29 U.S.C. § 1002(1). The only benefits described in 29 U.S.C. § 186(c) and not listed in the definition given above are “holiday, severance or similar benefits.” 29 C.F.R. § 2510.3-l(a)(3) (1990) (analyzing the relationship between 29 U.S.C. §§ 186(c) and 1002(1)(A)). This statutory definition does not embrace agreements that may incidentally result in payment of benefits after death or disability. Merely because an agreement “may in some circumstances continue to pay ... proceeds after an employee’s death or disability does not make it a welfare benefit plan.”
Murphy v. Inexco Oil Co.,
611 F.2d at 574. An agreement must be “established or maintained ...
for the purpose of providing
” the benefits listed in the statute. 29 U.S.C. § 1002(1) (emphasis added). The agreement in issue does not meet this test. It is true, to be sure, that the agreement provided that payment of any outstanding override bonus installments would be accelerated upon one of four events, including plaintiff’s total, permanent disablement or plaintiff’s death.

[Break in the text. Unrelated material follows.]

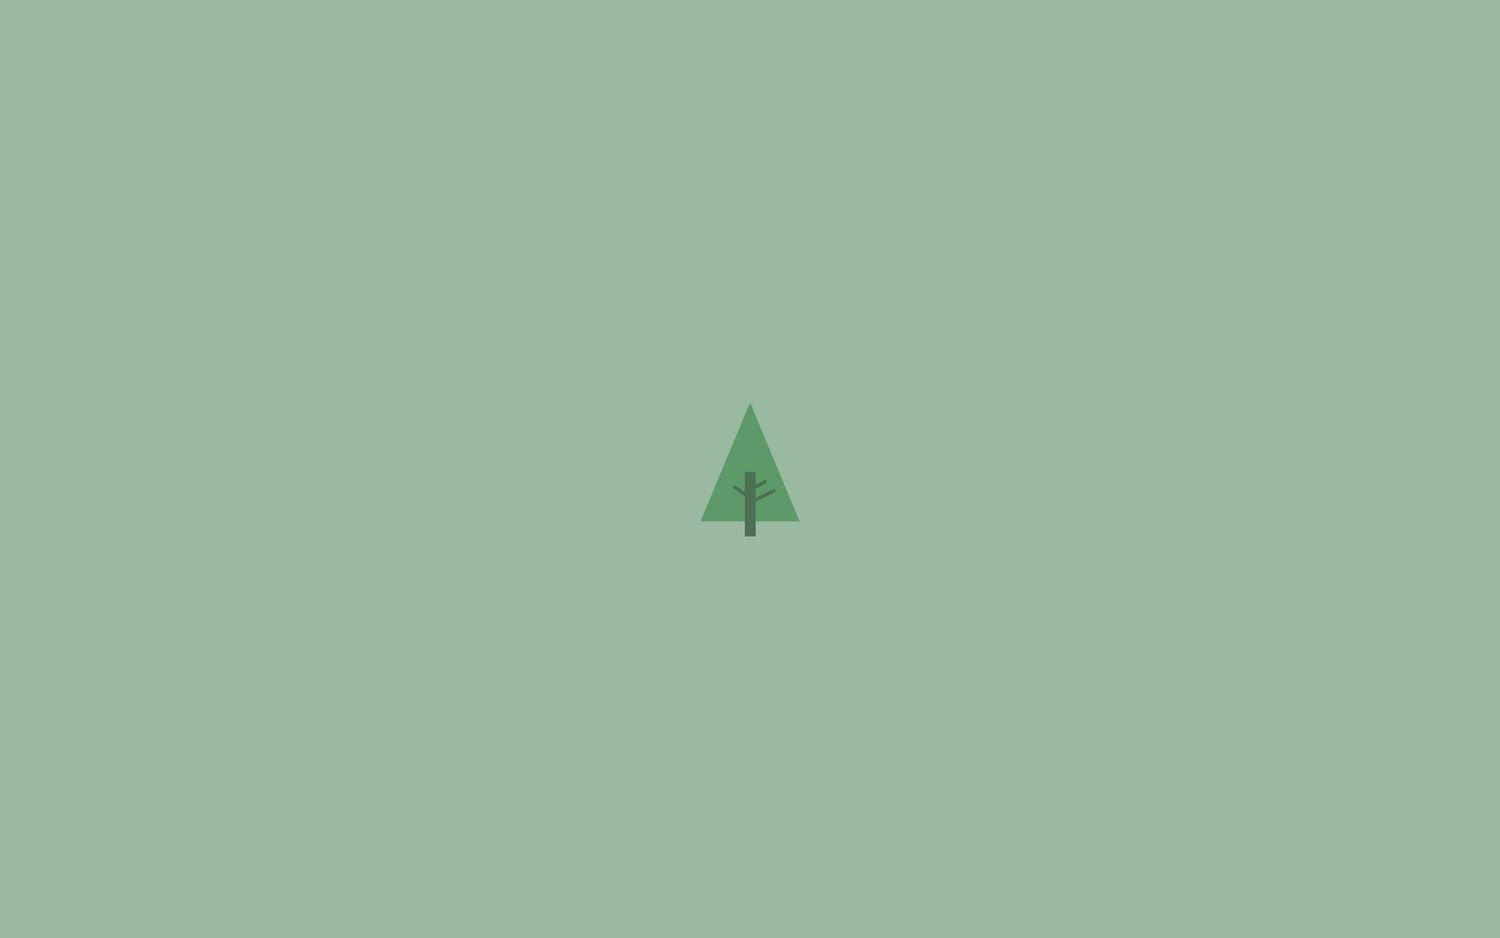 Simple Aesthetic Pine Tree Wallpaper

But, significantly, the objective of the agreement was not disability compensation; it was instead designed to provide a financial incentive for plaintiff to improve his performance while employed with ULC. Thus, the agreement on its face shows that its purpose did not encompass disability or death payments. There is no guarantee that plaintiff or his beneficiaries would receive any payments under the agreement if plaintiff were disabled or killed. In fact, the agreement specifically provided that in the event of net losses on
development projects, plaintiff would receive no payments. And this was so whether or not he died or became disabled. Moreover, the agreement provided that if plaintiff was terminated for cause or voluntarily quit before January 1991, outstanding override bonus payments would be forfeited. In sum, the agreement itself refutes the contention that its purposes included insuring against loss relating to death or disability, or the other purposes in the statutory definition of an employee welfare benefit plan, and hence it did not constitute such a plan. The agreement is similar to others designed “to reward employees for their service with present benefits” and found to be outside ERISA’s scope.
Murphy v. Inexco Oil Co.,
611 F.2d at 574 (“primary purpose” of oil production royalty program “was to reward employees for their service with present benefits”; agreement was not a welfare benefit plan);
see Foltz v. U.S. News & World Report, Inc.,
627 F.Supp. at 1164-65 (stock bonus plan allotting shares of common stock to employees which were sold back to company upon retirement or termination not a welfare benefit plan). Compensation plans held to be welfare benefit plans differ markedly from the agreement in issue.
See In re White Farm Equipment Co.,
788 F.2d 1186, 1191 (6th Cir.1986) (plan providing life, health, and welfare insurance to retirees and eligible dependents was clearly an employee welfare benefit plan);
Hayden v. Texas-U.S. Chemical Co.,
557 F.Supp. 382, 385 (E.D.Tex.1983) (finding defendant’s “Permanent and Total Disability Plan” covering its employees to be an employee welfare benefit plan).
Conclusion
The agreement at issue is neither an employee pension nor employee welfare benefit plan subject to ERISA. While the facts of this case may give rise to valid state and common law claims, they do not support an action brought in federal court under ERISA. Therefore, plaintiff’s complaint, which he concedes consists entirely of alleged violations of ERISA, should be dismissed with prejudice.